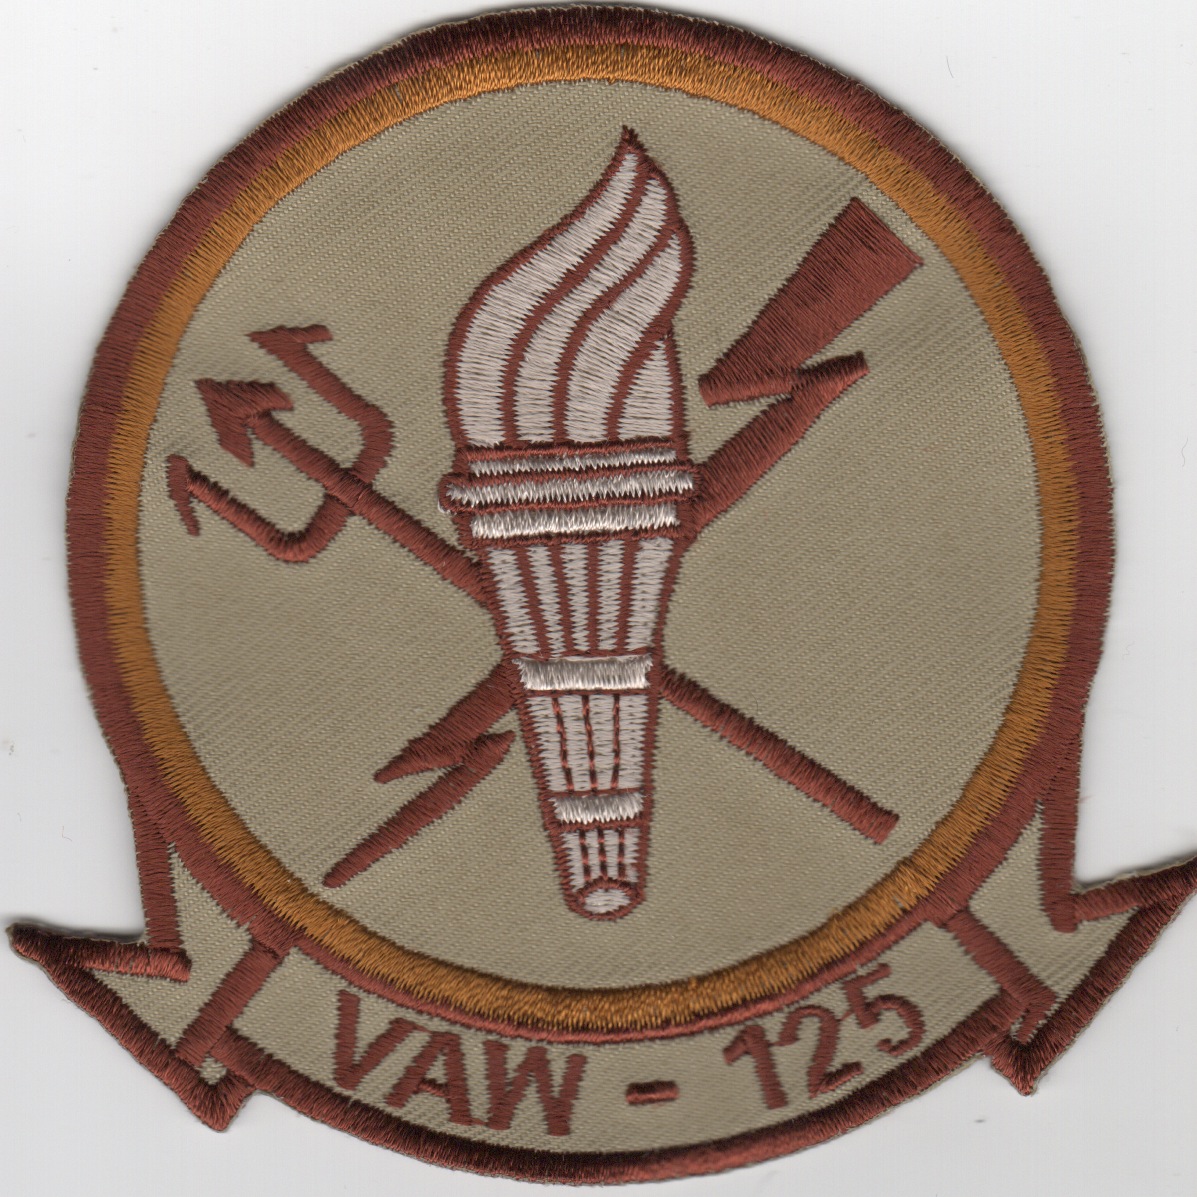 VAW-125 Squadron Patch (Des)
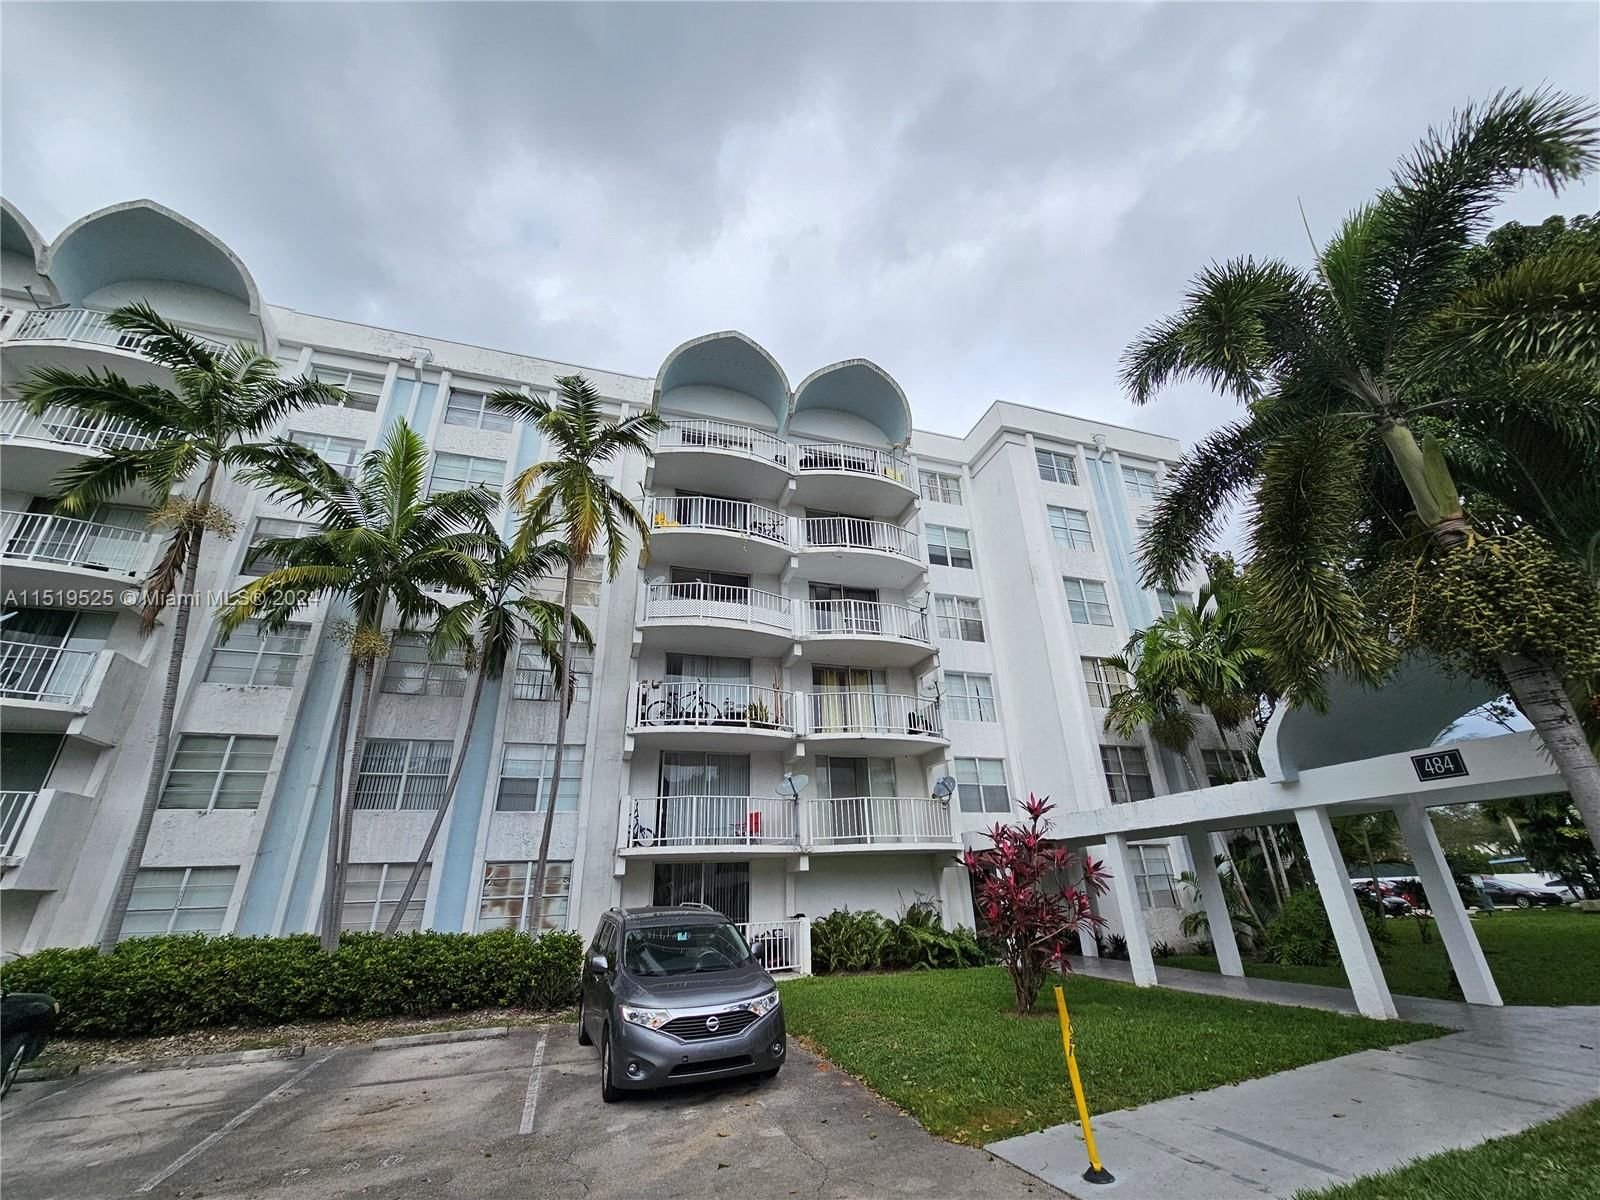 Real estate property located at 484 165th St Rd A-414, Miami-Dade County, MONTECARLO CONDO, Miami, FL
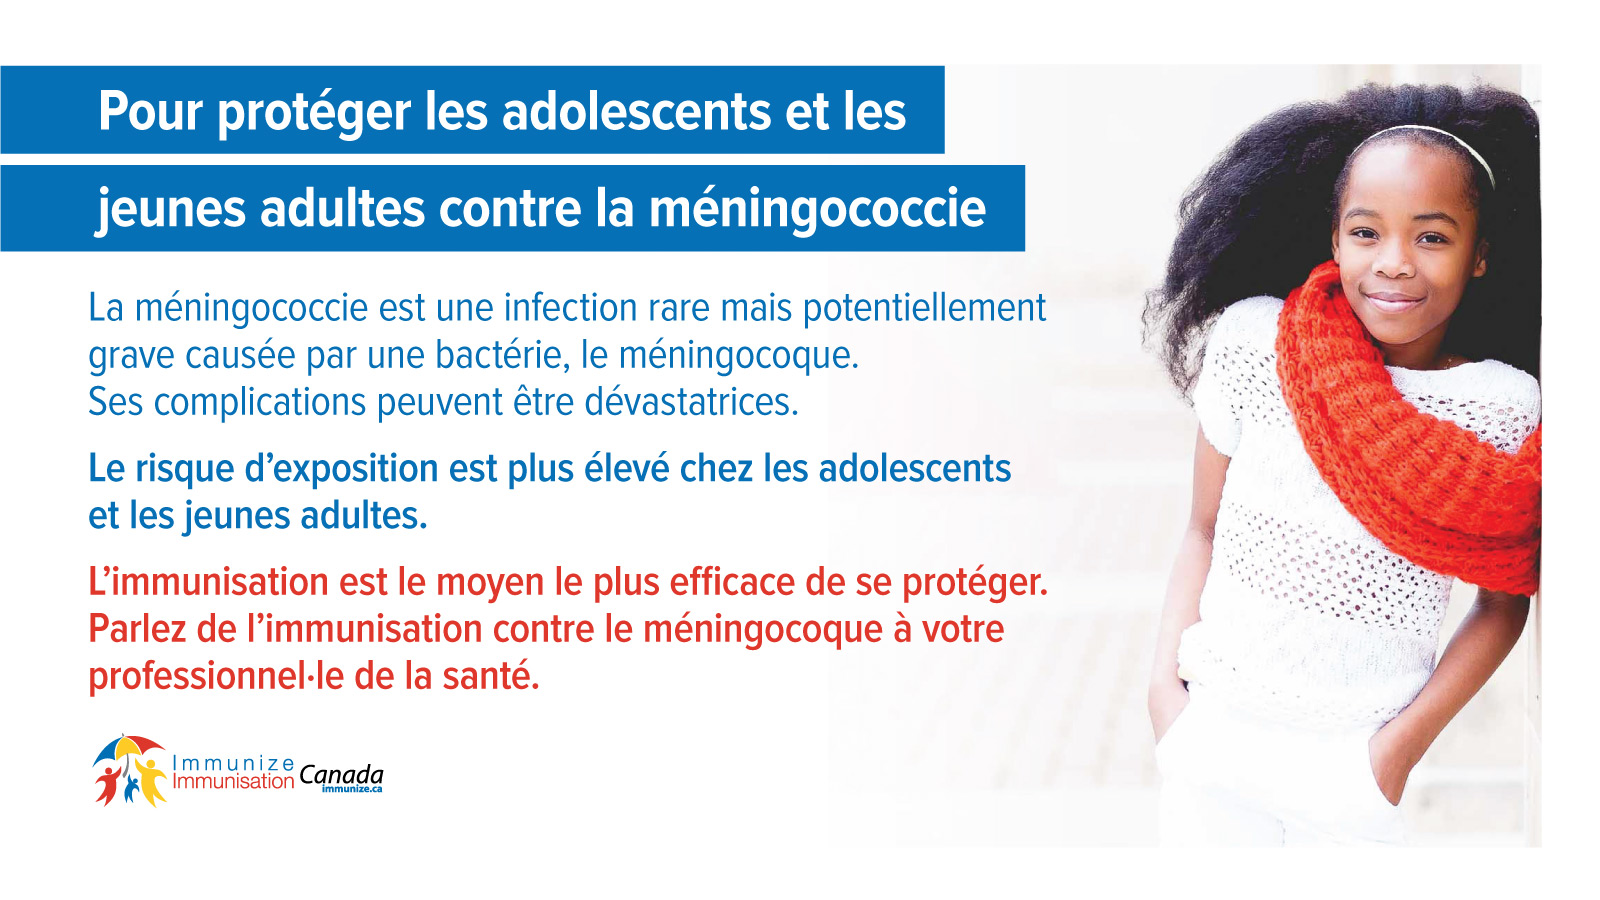 Pour protéger les adolescents et les jeunes adultes contre la méningococcie - image 1 pour Twitter

_ASSIGNMENT_. Write out the whole listing above exactly, minus images.

_SOLUTION BELOW_.
 VAW-125 Squadron Patch (Des)
 Real estate property located at 484 165th St Rd A-414, Miami-Dade County, MONTECARLO CONDO, Miami, FL
 Pour protéger les adolescents et les jeunes adultes contre la méningococcie - image 1 pour Twitter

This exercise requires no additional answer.